Sceptics and socialists among you may wonder what the hell football has to do with the House of Lords and what possible relevance it might have to grassroots football. Fair enough. The Lords give consideration to public policy and have a responsibility to hold the government to account – when I joined the chamber this morning the state of A&E healthcare provision was under scrutiny – so depending on your point of view you may not see the need for any form of observation or intevention by politicians in sport.

But the debate undeniably highlighted the popularity of the sport across all areas of society. Indeed, by discussing the Premier League in a place traditionally associated with aristocracy and rule by hereditary peers, it was the venue that provided a striking contrast to the classic memory of football I have growing up – of the game being more associated with ‘the working classes’. The Lords chamber is also a particularly striking contrast from the 2. Bundesliga match I attended last weekend at the Millentor stadium between St Pauli and 1860 Munich!

It is useful to be reminded how important football has now become to both the privileged and underprivileged, and how inclusive it has become (or at least has tried to become).

Many speakers in the debate made note of the controversial origins of the English Premier League and its breakaway from the Football Association and Football League in 1992. It remains a very clear marker for the modernisation of the top-flight game in England and a shift in focus towards the commercialisation of the game – with lucrative broadcasting deal after lucrative broadcasting deal ever since.

The high revenues enjoyed by the Premier League are well-known and well-reported. In 1991/92 the collective revenue of the top division in England was £170 million. In 2013/14, in consideration of the latest lucrative broadcasting deals, the seasonal revenue is projected to reach £3.08 billion. Attendances and stadia occupancy rates have also increased significantly, although it is also often pointed out that the German Bundesliga leads the way in that respect.

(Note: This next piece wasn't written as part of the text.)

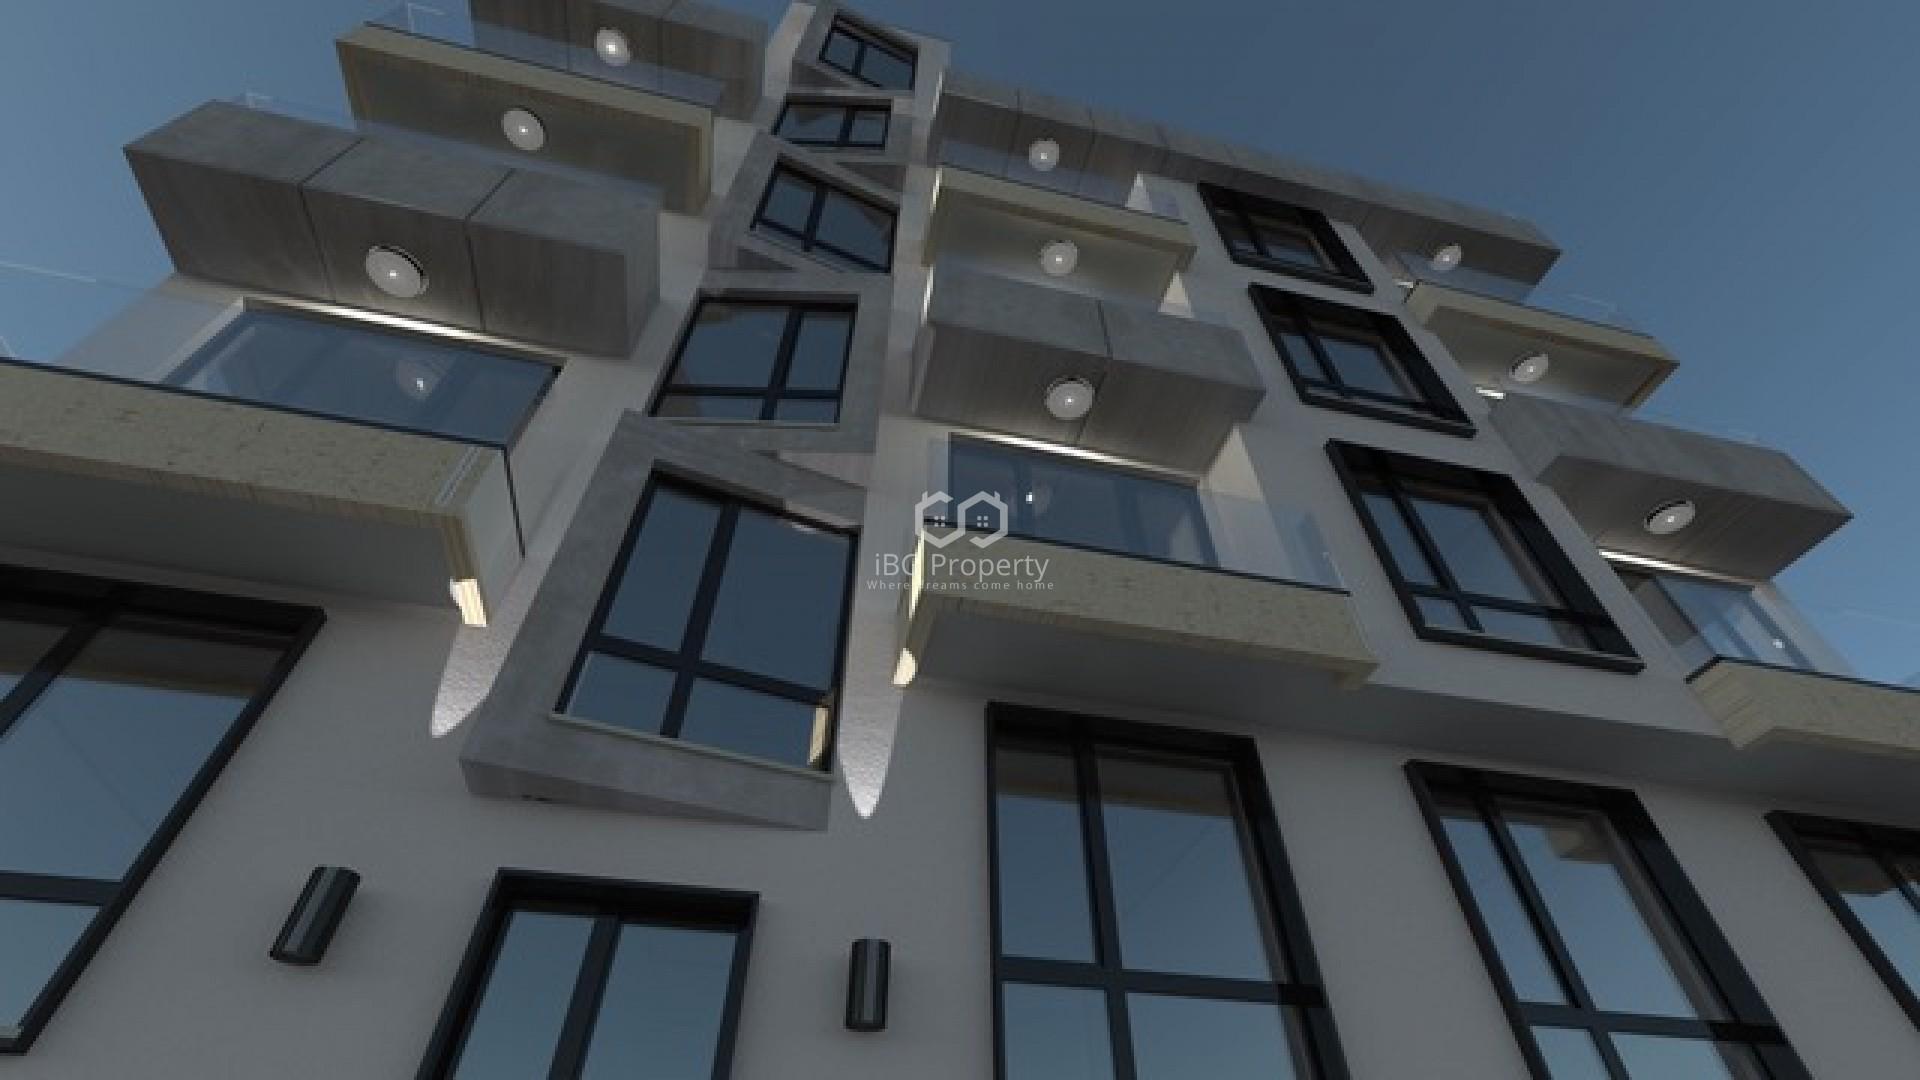 Двустаен апартамент Цветен квартал Варна 56 m2

The “buoyant incomes have been re-invested: in stadium facilities, in playing squads and training standards, in wider communities and in grassroots football” (House of Lords Library Note, p3). Football has become an important economic agent, providing jobs and attracting investment across the country.  An example used in the debate was Swansea – which, according to a study by the Welsh Economy Research Unit, benefits from £8.13 million per year by visitors to Swansea matches per season – creating jobs and even increasing the number of applicants to its university.

Lord Wei provided some detail on how a recent study showed that a large proportion of Chinese people associate of the city of Manchester with football, which very helpfully enables it to be recognised by foreign investors and aids the UK in competing for investment in the Greater Manchester area – not only in tourism but also the development of significant business centres.

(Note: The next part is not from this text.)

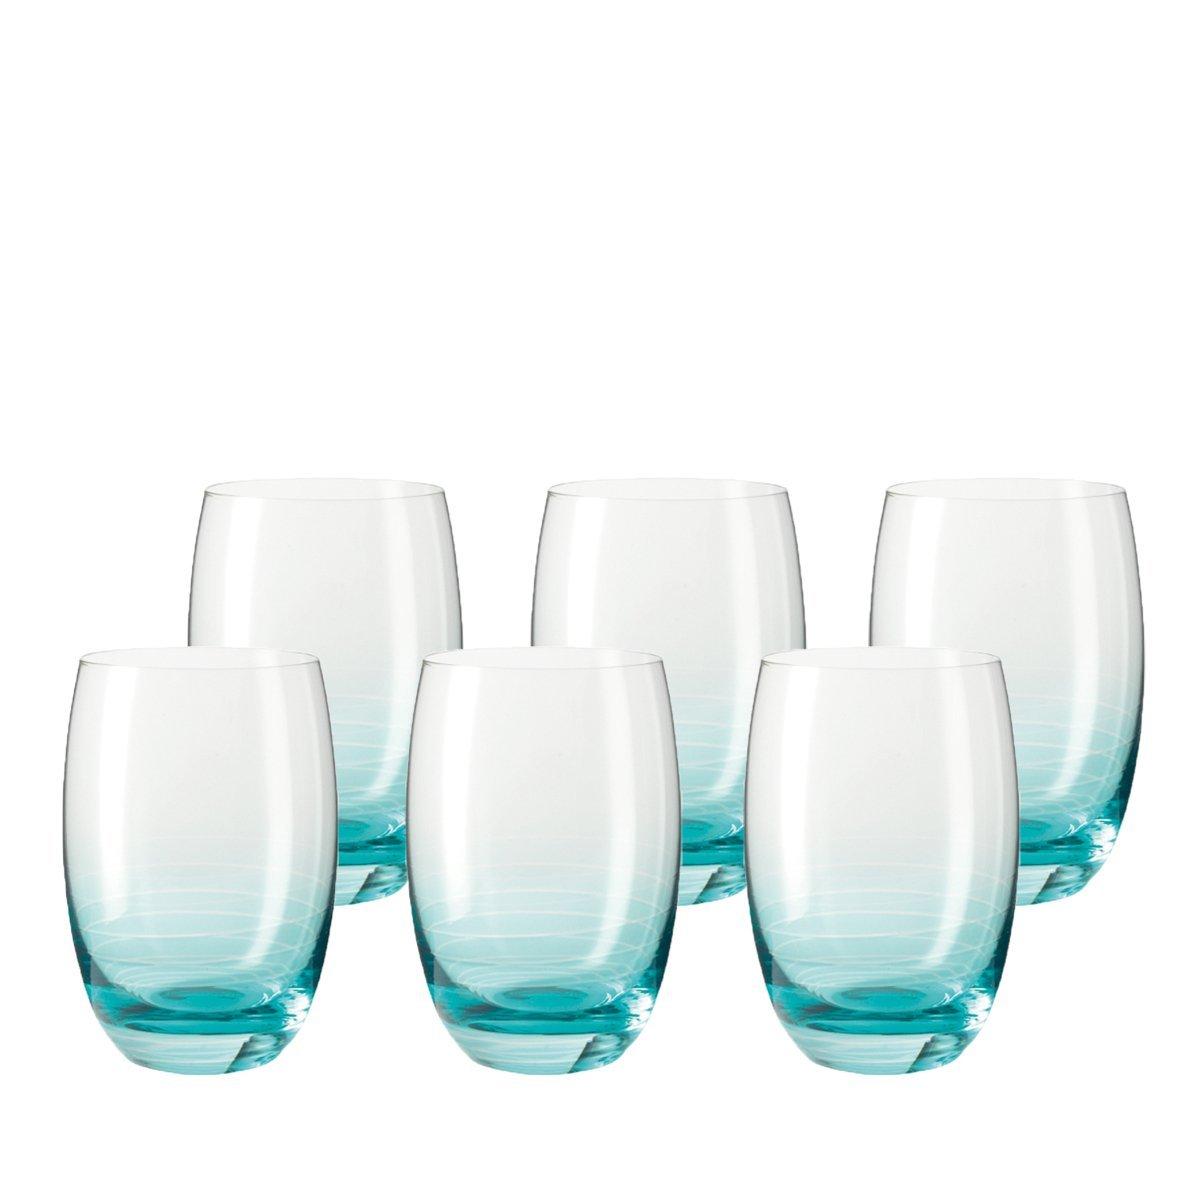 La Lavastoviglie Lascia I Bicchieri Opachi Riparodasolo

And yet, in the minds of some, the association of football with business is impure. But alongside the scarier prospect of selfish profiteers in football comes societal benefits such as the opening up of football to more diverse groups of players and supporters. Football grounds are now much more receptive to families, women and ethnic minorities than ever before and the heavy involvement of football clubs in promoting this change is arguably one positive influence of the commercial benefits of doing so.

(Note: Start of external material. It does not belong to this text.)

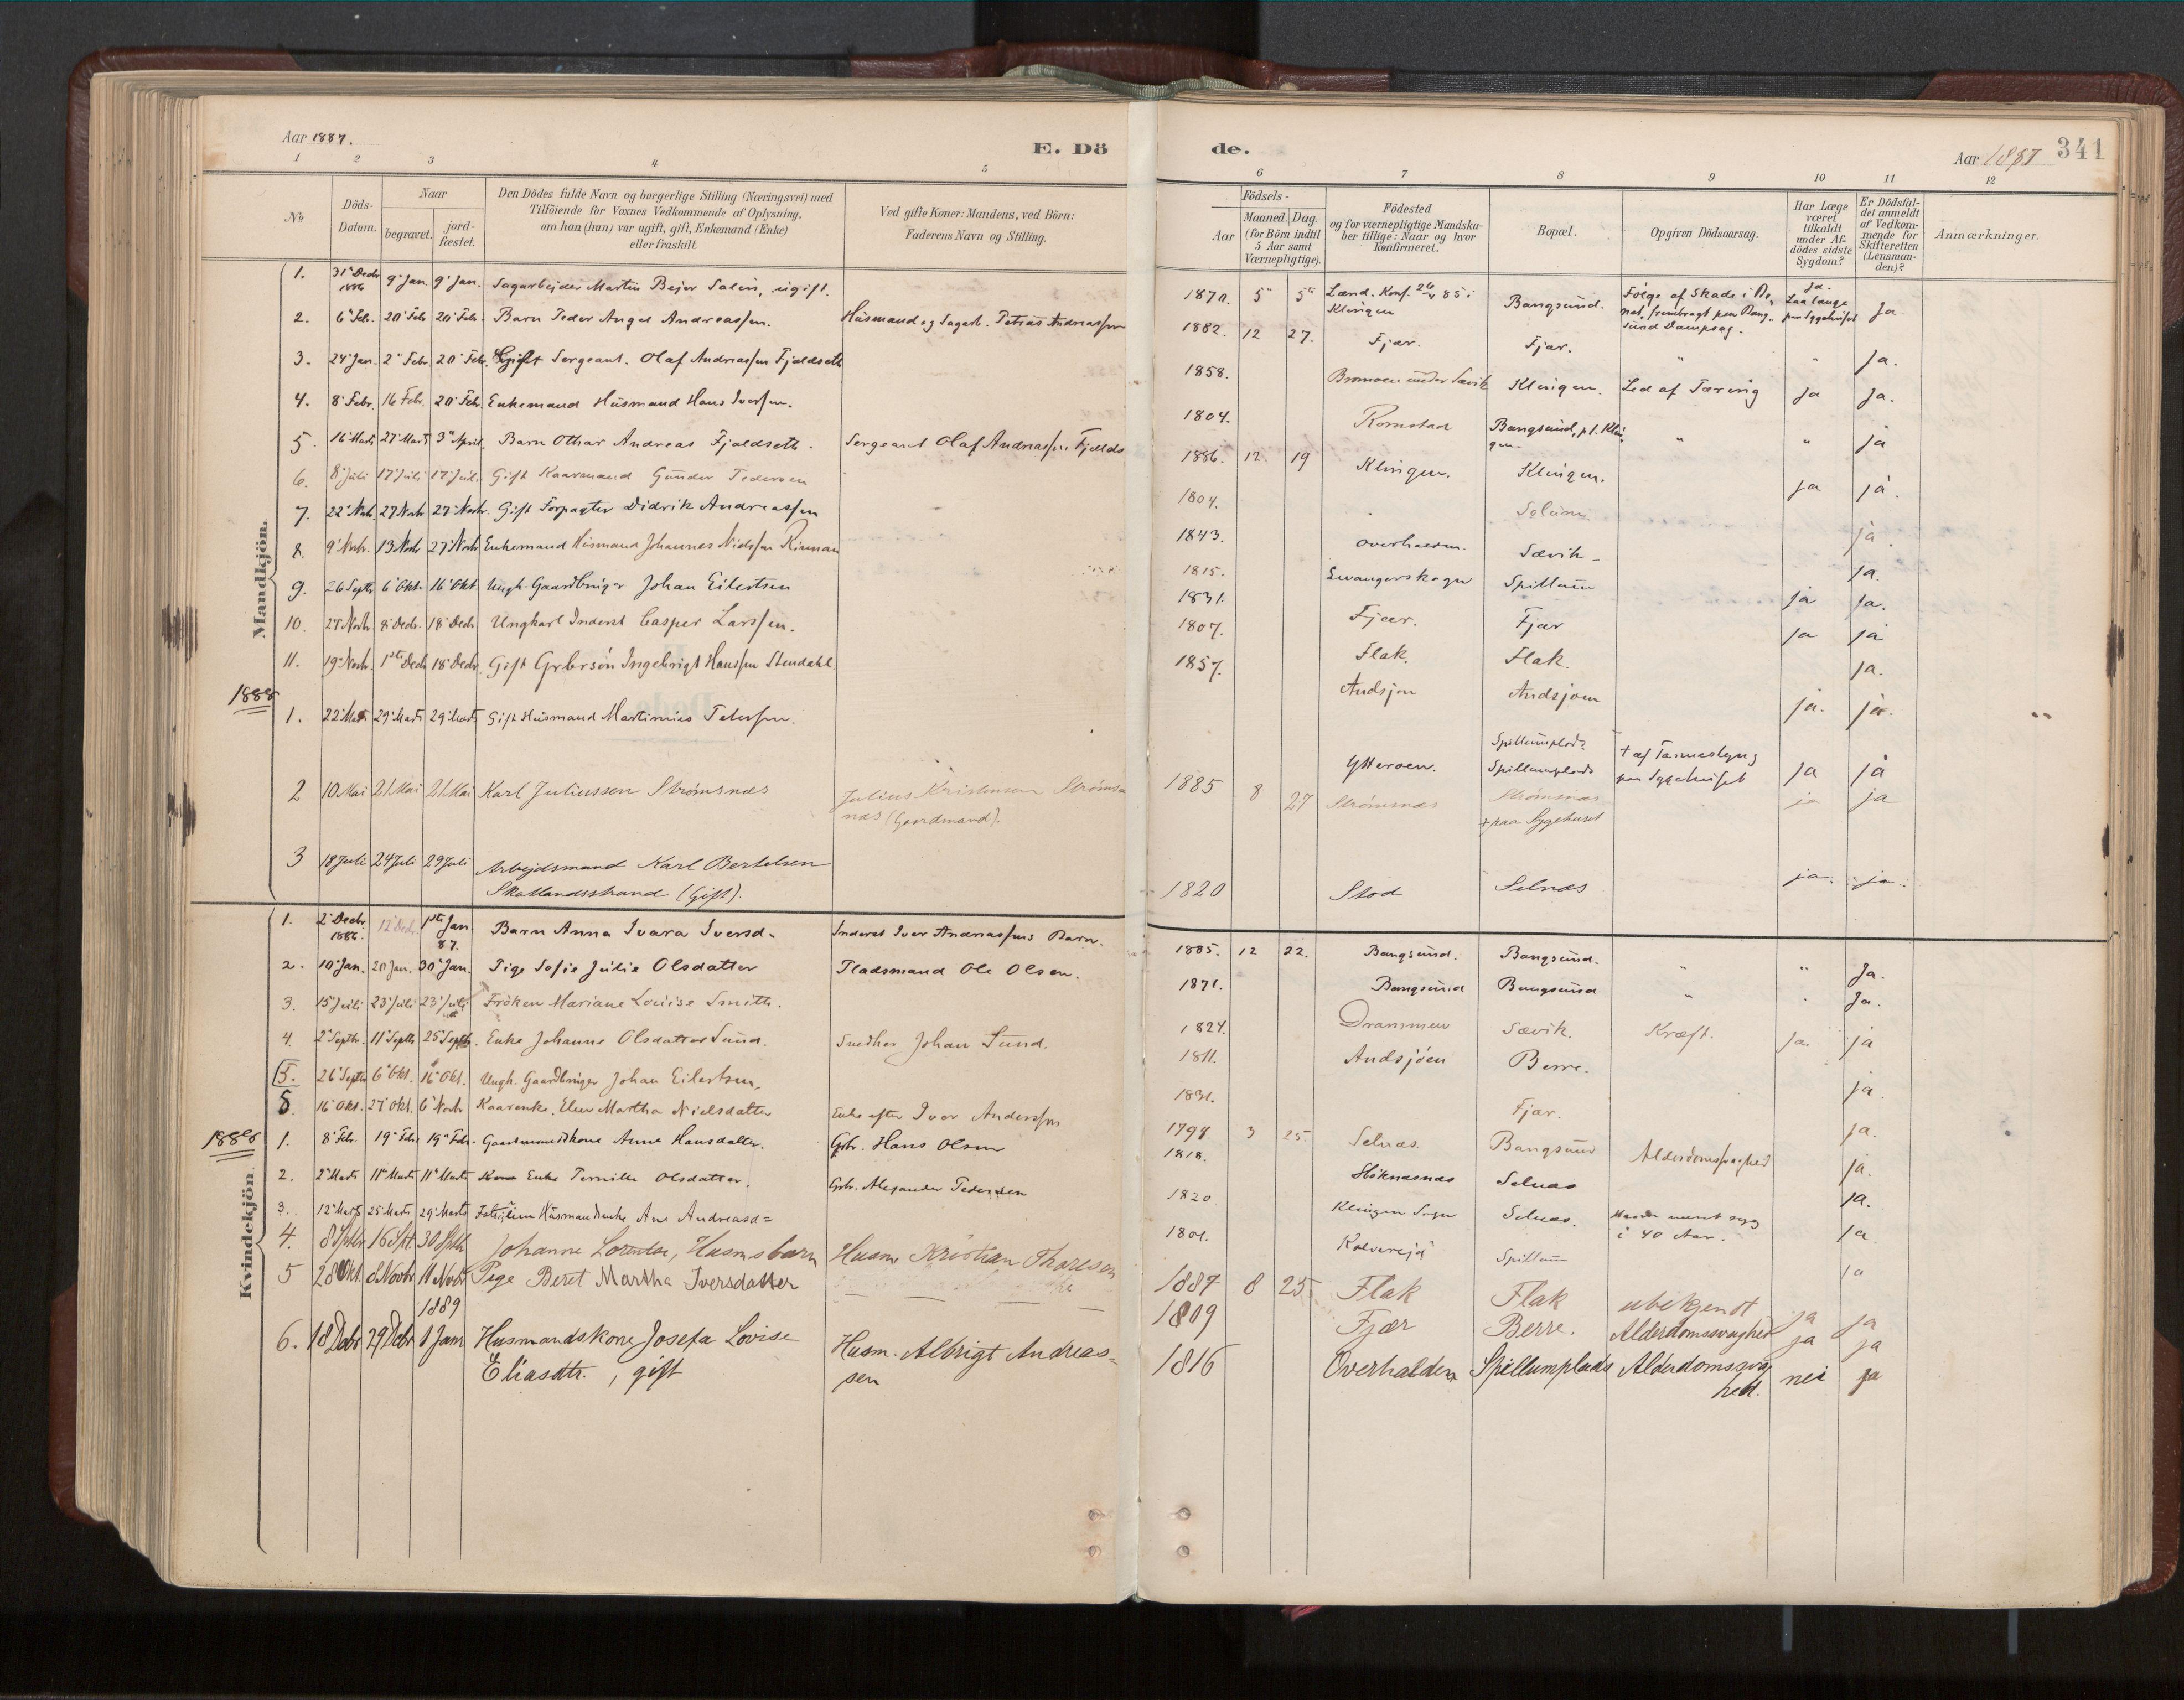 SAT, Ministerialprotokoller, klokkerbøker og fødselsregistre - Nord-Trøndelag, 770/L0589: Ministerialbok nr. 770A03, 1887-1929, s. 341

On the other hand, in the EPL we are in danger of driving the cost of tickets and television subscriptions beyond the reach of the average fan – a point noted by, among others, Lord Ouseley. Eye-watering price levels have already been reached, and that is one area where politicians may see the need to intervene in the governance of a game which in danger of marginalising its poorer fans and becoming increasingly elitist.

The topic of governance at football clubs was widely mentioned with particular reference to both Portsmouth and Blackburn’s recent decline and concerns that the objectives of owners are not always aligned with the opinions and desires of the fans who invest considerable energy in support of their club. This was yet another area where the profiteering by owners – or perhaps the recklessness of their spending – was highlighted as a threat to the Premier League’s future and one which policitians are becoming ever more watchful of.

The lack of a more diverse and representative mix in both the boardrooms at football clubs and also at the top of the managerial tree was noted as another failing of the game in its current state – as well as the recent damning indictment by Tanni Grey-Thompson on the poor standards for the accommodation of wheelchair users in sport in the UK.

So politics and football: should it mix? In my opinion, to some degree it has to. Football’s grip on its millions of fans in the UK, and billions globally, needs a certain amount of regulation and monitoring considering how much power the leagues and clubs at the highest level have in the way that football is run. With great power comes great responsibility, and it is clear that in some cases the desires of owners are at odds with the desires of supporters – not to mention the ongoing arguments over how the globalisation of the EPL may be negatively affecting the results of the England team. It is hard to imagine how, without the intervention of regulators, the prospects of British academy players or ticket prices can be changed in favour of the local stakeholders in football clubs. For that reason alone I think football can always benefit from discussion and accountability to the community as a whole – be it local, national or global.